***** Dataset content *****

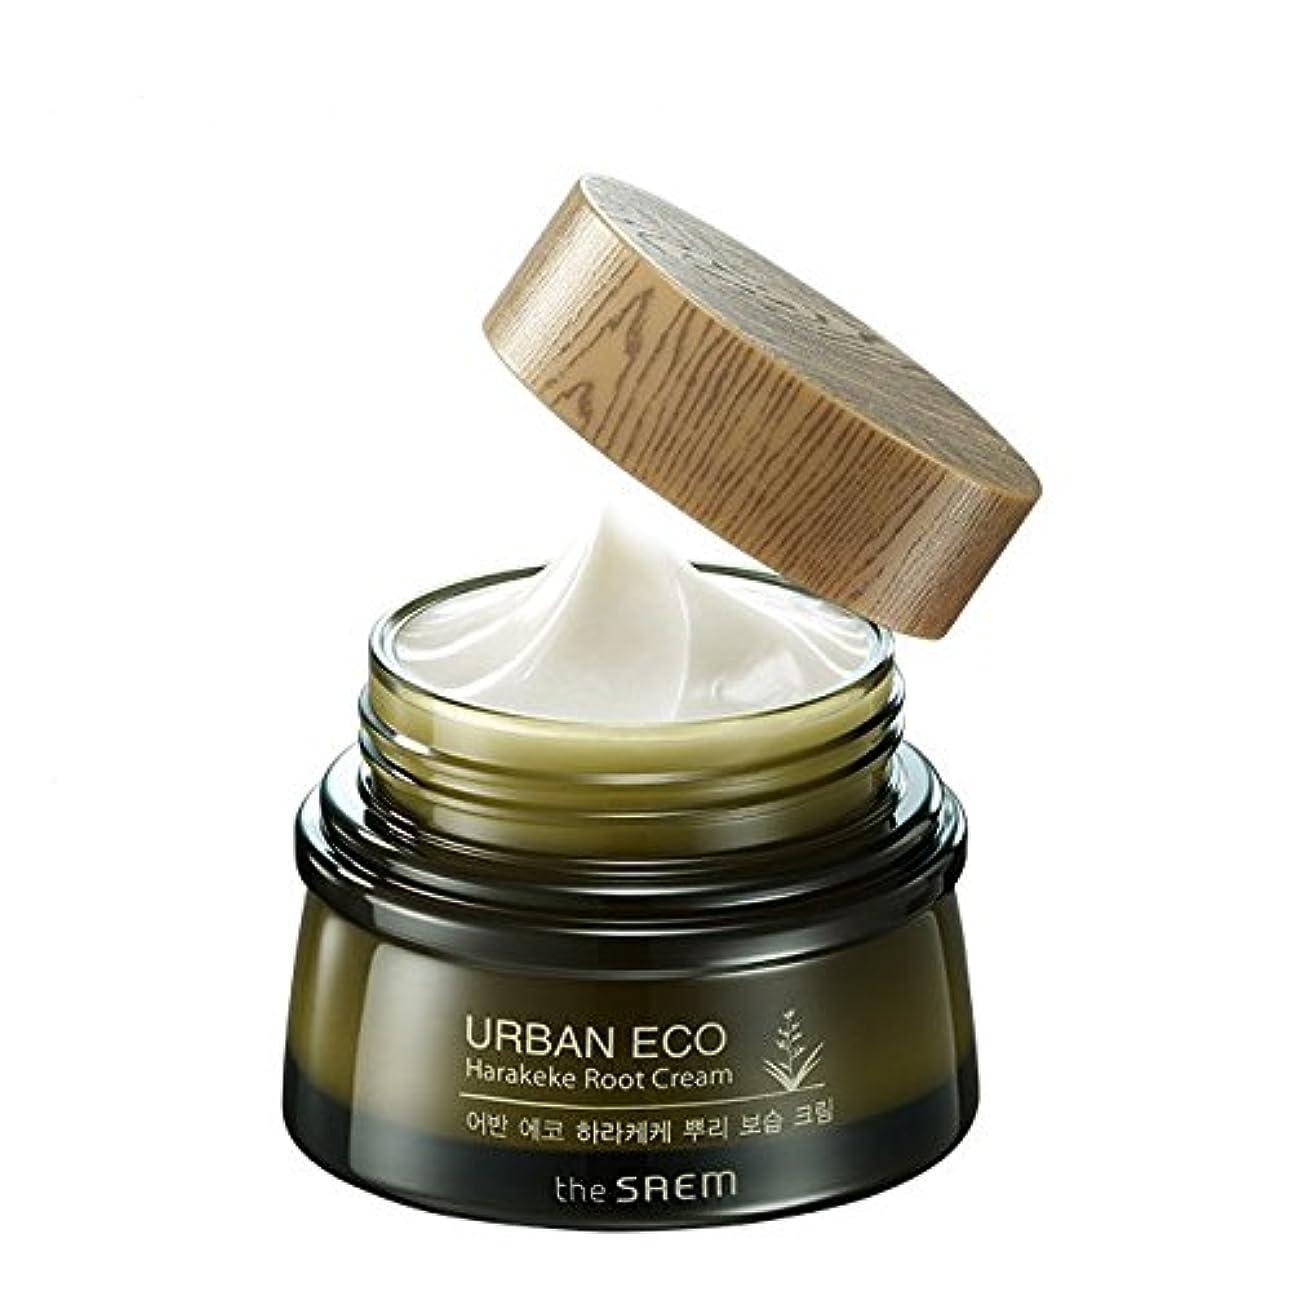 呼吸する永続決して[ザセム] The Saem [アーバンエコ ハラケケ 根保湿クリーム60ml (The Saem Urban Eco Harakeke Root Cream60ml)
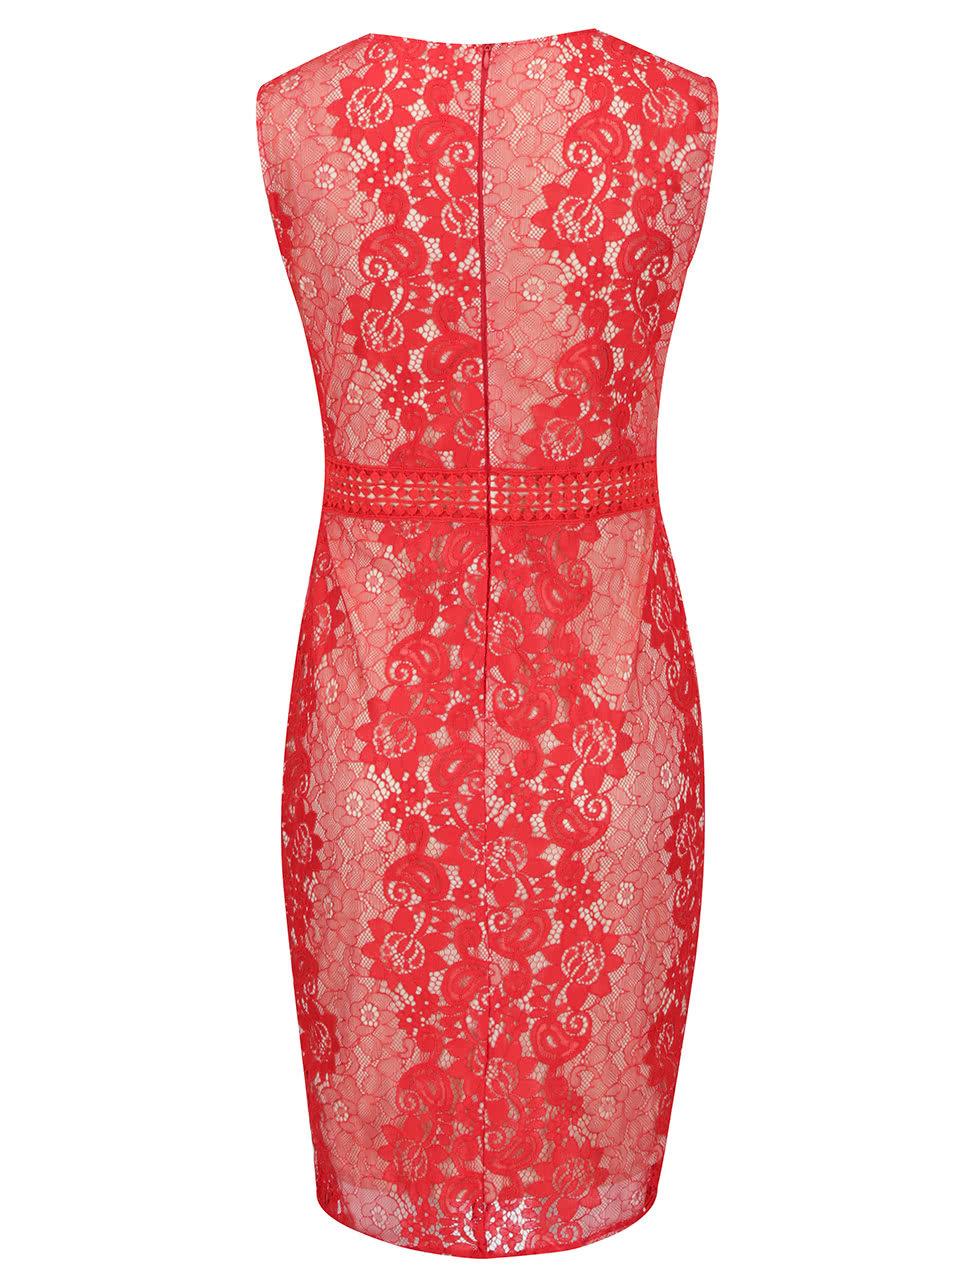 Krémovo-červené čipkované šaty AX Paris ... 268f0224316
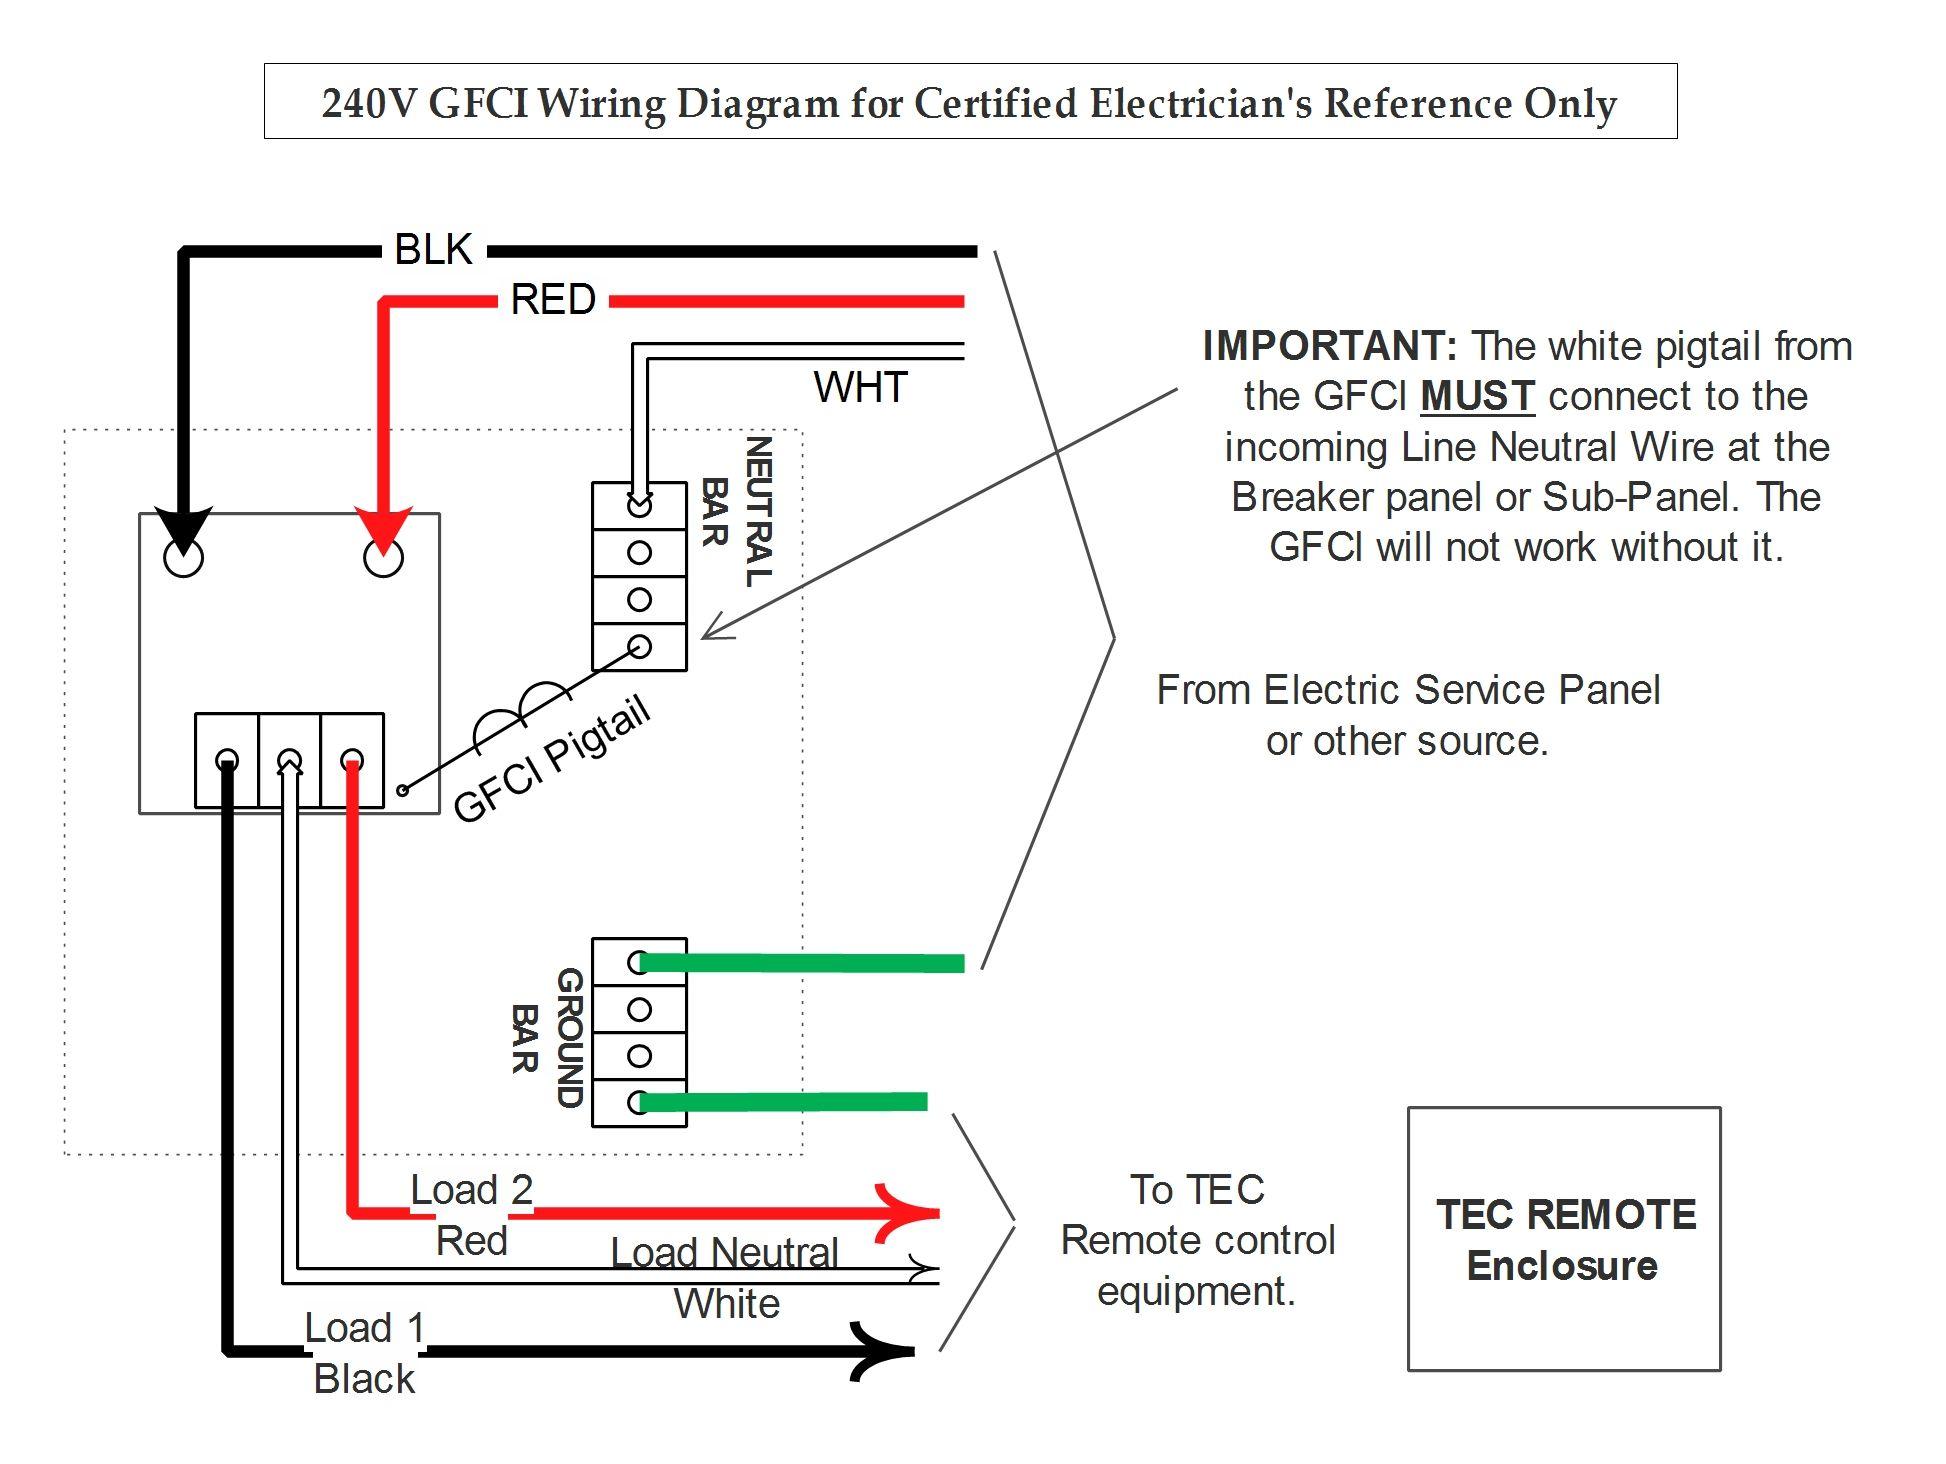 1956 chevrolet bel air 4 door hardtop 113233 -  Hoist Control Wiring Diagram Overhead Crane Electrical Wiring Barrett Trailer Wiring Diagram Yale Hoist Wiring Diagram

*****

(Work to be completed):
Retype, word for word, the line containing "Krémovo-červené čipkované šaty" and each line after it through the end of the data, leaving any picture out.

(Answer to the exercise):
 Krémovo-červené čipkované šaty AX Paris ... 268f0224316
 1956 chevrolet bel air 4 door hardtop 113233 -  Hoist Control Wiring Diagram Overhead Crane Electrical Wiring Barrett Trailer Wiring Diagram Yale Hoist Wiring Diagram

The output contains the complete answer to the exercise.